Researchers at the Stanford Internet Observatory have detected child sexual abuse material in one of the large databases used to train image-generating artificial intelligences, some as popular as Stable Diffusion. Models trained on this dataset, known as LAION-5B, are being used to create photorealistic nude images through AI, including some of child sexual exploitation.

LAION-5B is a database with 5.85 billion text-image links extracted from the Internet that are used for training generative AIs dedicated to image creation. Their purpose, as they explain on their website, is to “democratize research and experimentation in the training of large-scale multimodal models”, although they admit that their database is unsupervised and that the “non-selected nature of the data set” can result in “very uncomfortable and disturbing content.”

Members of the Stanford Internet Observatory (SIO) have discovered that it contained 3,226 images of sexually abused children among all that training data, of which 1,008 were externally validated.
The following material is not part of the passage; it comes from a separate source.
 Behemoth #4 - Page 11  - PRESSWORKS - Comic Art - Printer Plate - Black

An earlier report by SIO and Thorn, a nonprofit group that monitors child online safety, found that rapid advances in machine learning were making it possible to create realistic images that facilitate child sexual exploitation using AI imaging models. open source. And what this new research reveals is that these models are trained directly with images of child sexual abuse present in open access databases such as LAION-5B.
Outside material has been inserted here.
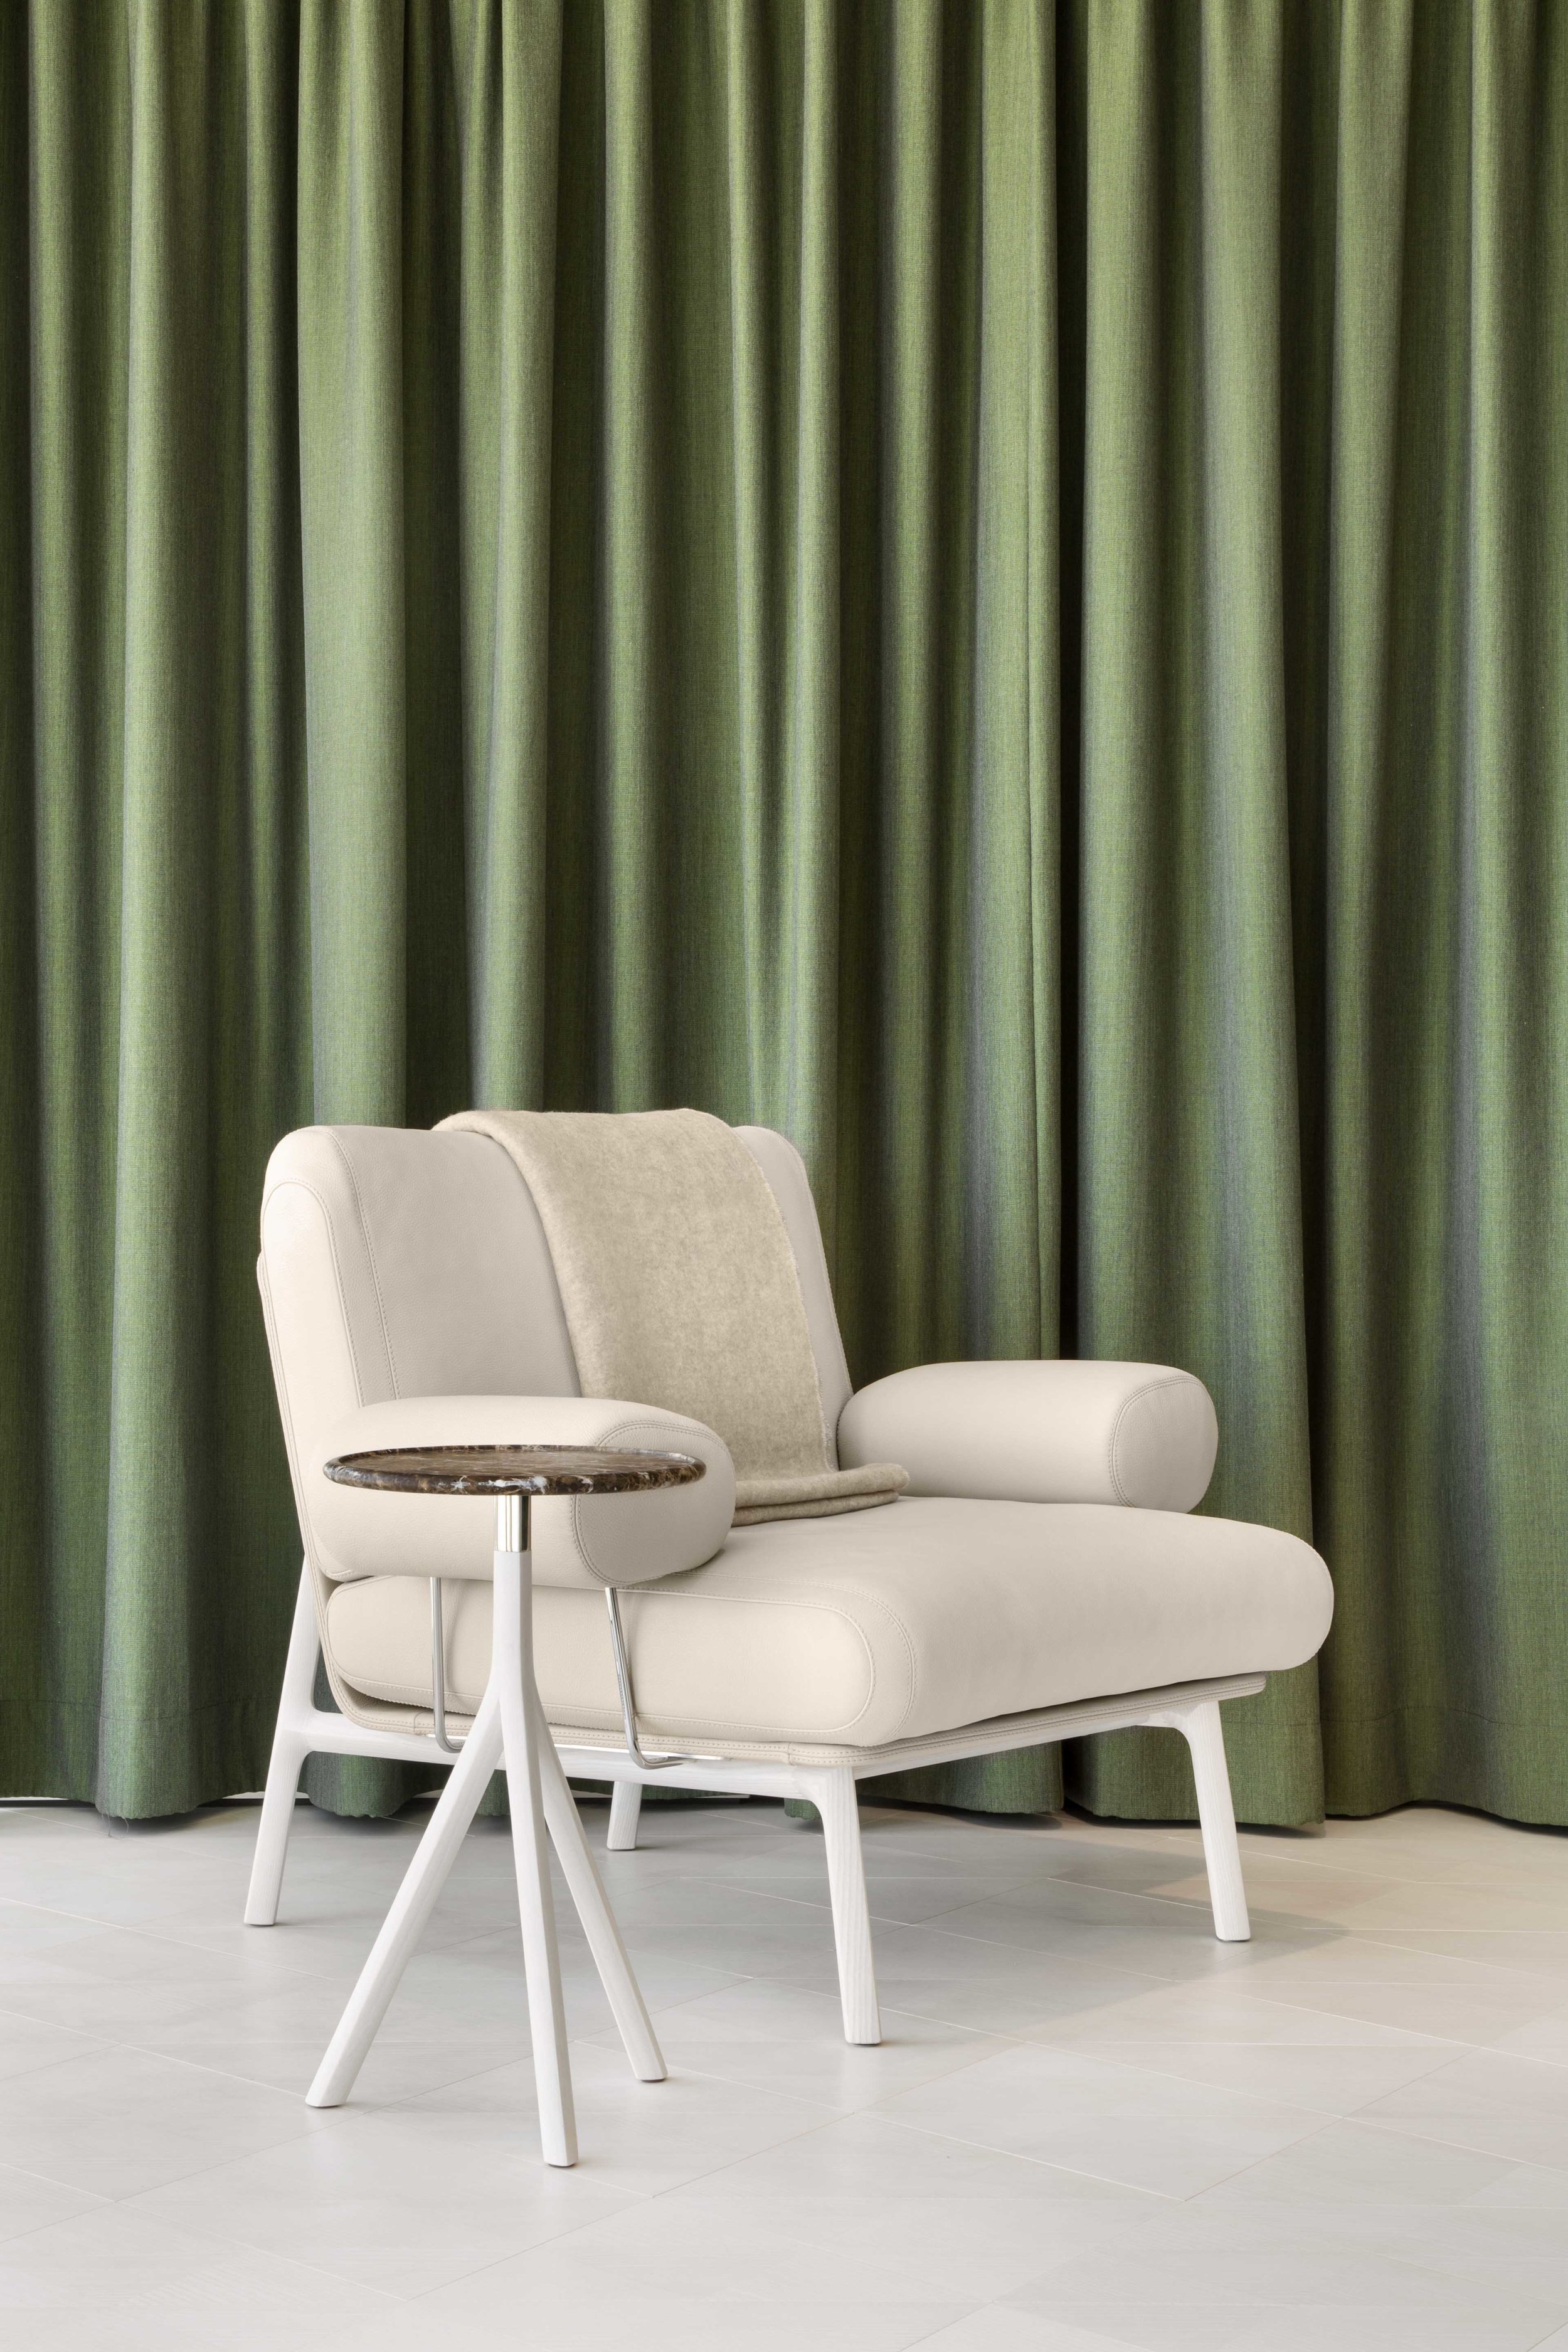 medeo-armchair_furniture-design_coordination-berlin_01.jpg

The dataset examined included child exploitation content extracted from a wide variety of sources, including mainstream social media websites and popular adult video platforms, as explained in a note released by the Observatory.
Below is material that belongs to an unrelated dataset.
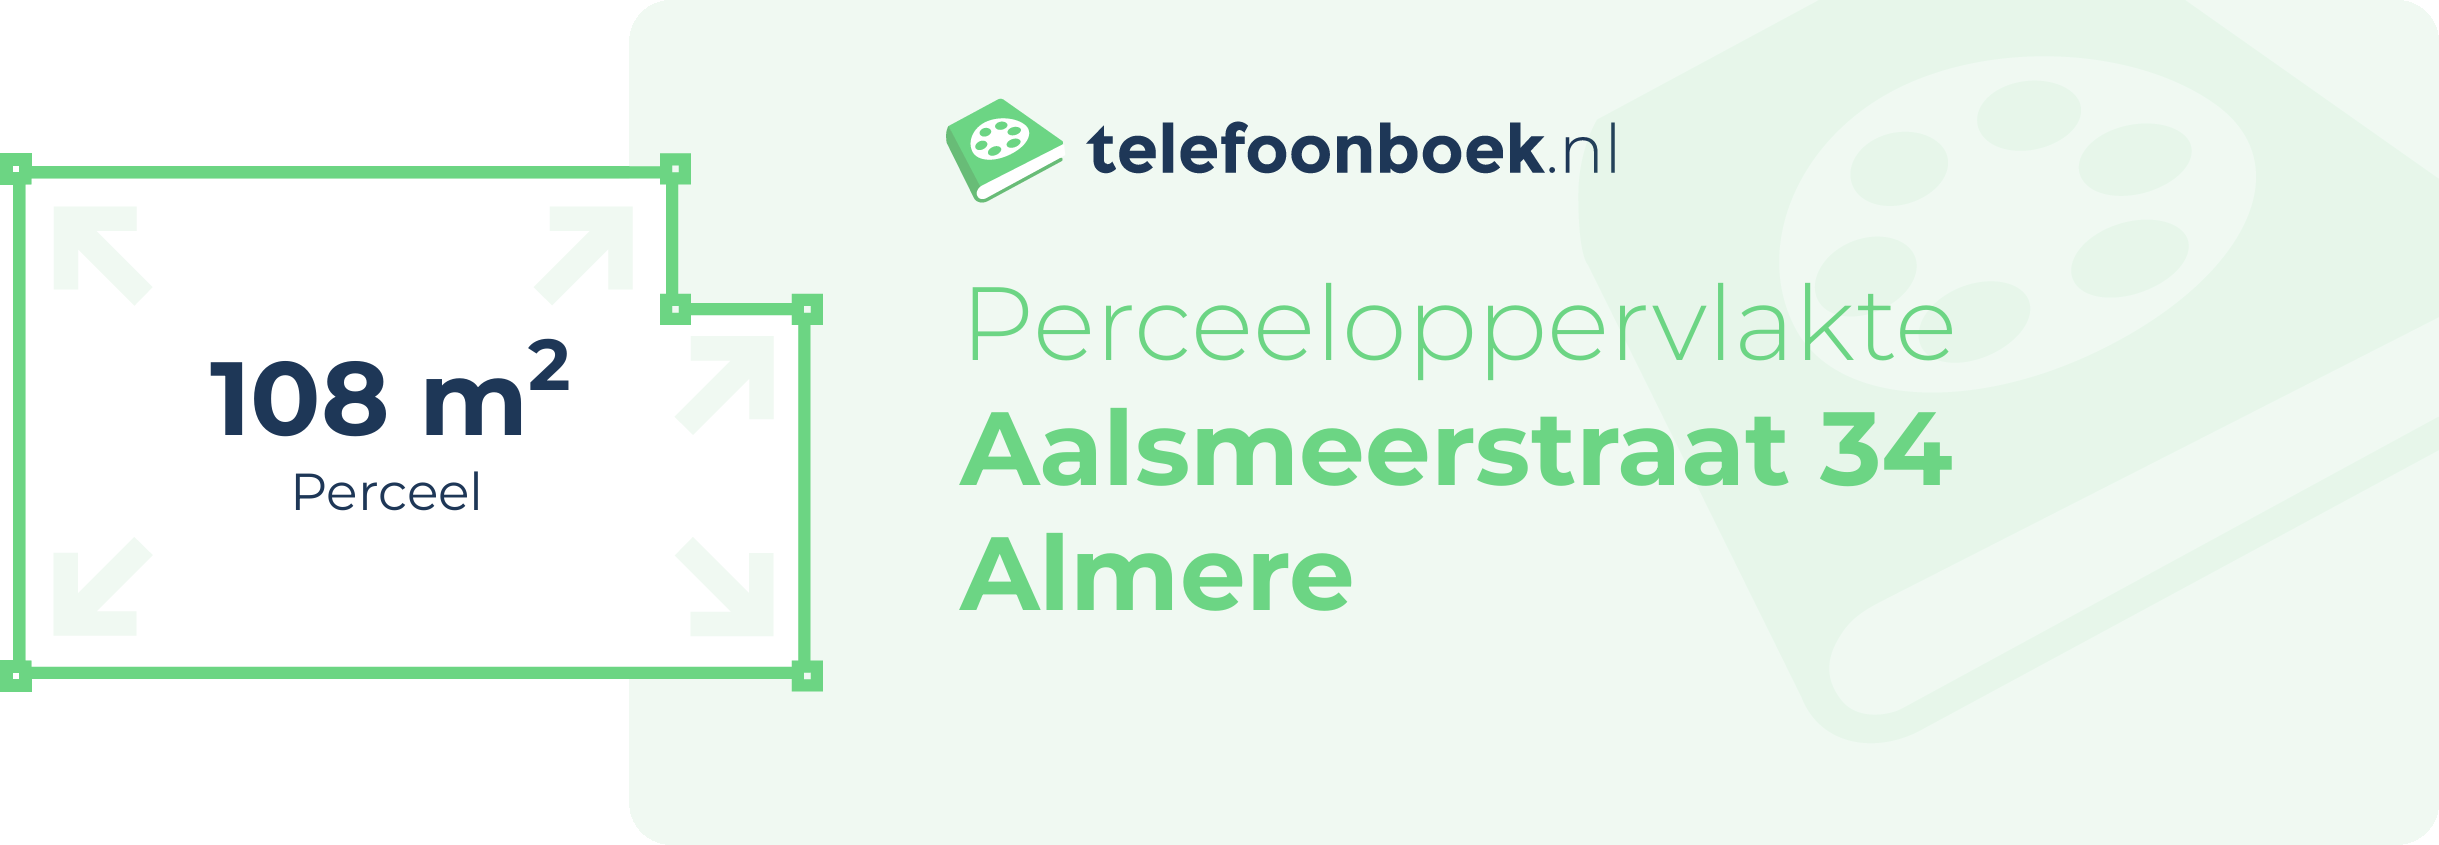 Perceeloppervlakte Aalsmeerstraat 34 Almere

Those working in the field of artificial intelligence ethics have long warned that the massive scale of these technological tools’ training data sets makes it materially impossible to filter them or audit the AI ??models that use them.

However, technology companies, eager to position themselves in the growing generative AI market, have largely ignored these concerns and have built and continue to build their products on AI models trained on these massive data sets.

“We are facing a situation that is not new and that will be repeated due to the lack of transparency both at the data governance level and at the technical level about the type of data that is used to train AI systems, especially LLM or great language models”, explains Albert Sabater Coll, director of the Chair – Observatory of Ethics in Artificial Intelligence of Catalonia, at the University of Girona, in relation to the presence of data on child sexual abuse in the LAION database.

And he emphasizes that, although by itself it is not enough to guarantee that the data with which AI is trained is correct and appropriate, “transparency not only fosters a culture of responsibility and ethical development of artificial intelligence but is also key to build effective, fair and reliable systems.

Because, remember Sabater, AI systems are only as good as the data they are trained on, and if the data set is biased, the AI ??will likely perpetuate or even amplify those biases.

For this reason, he considers that governments and international organizations must enact regulations “in which transparency over data sets is a kind of Kantian imperative and there must always be information about where the data comes from, how it was collected and whether it respects human rights.” privacy of the people whose data could be included.

According to the director of the AI ??Ethics Observatory of Catalonia, “only in this way will it be possible to understand and identify why an AI system could be making errors or behaving in an anomalous or unacceptable way due to the training data.”

Regarding the research conducted by the Stanford Internet Observatory, the identified material is currently being removed, as the researchers reported the URLs of the images to the National Center for Missing and Exploited Children (NCMEC) in the United States and to the Canadian Center for Child Protection (C3P).

The study was conducted using alphanumeric tools that compare an image’s fingerprint to databases from nonprofit organizations that receive and process reports of online child sexual exploitation and abuse, and the researchers suggest these practices would be a good method. to clean and minimize the presence of this type of content in the data sets used to train AI models.

LAION, for its part, has temporarily withdrawn its database to ensure that “they are safe before republishing them,” according to sources from the firm declared to the technology portal 404 Media.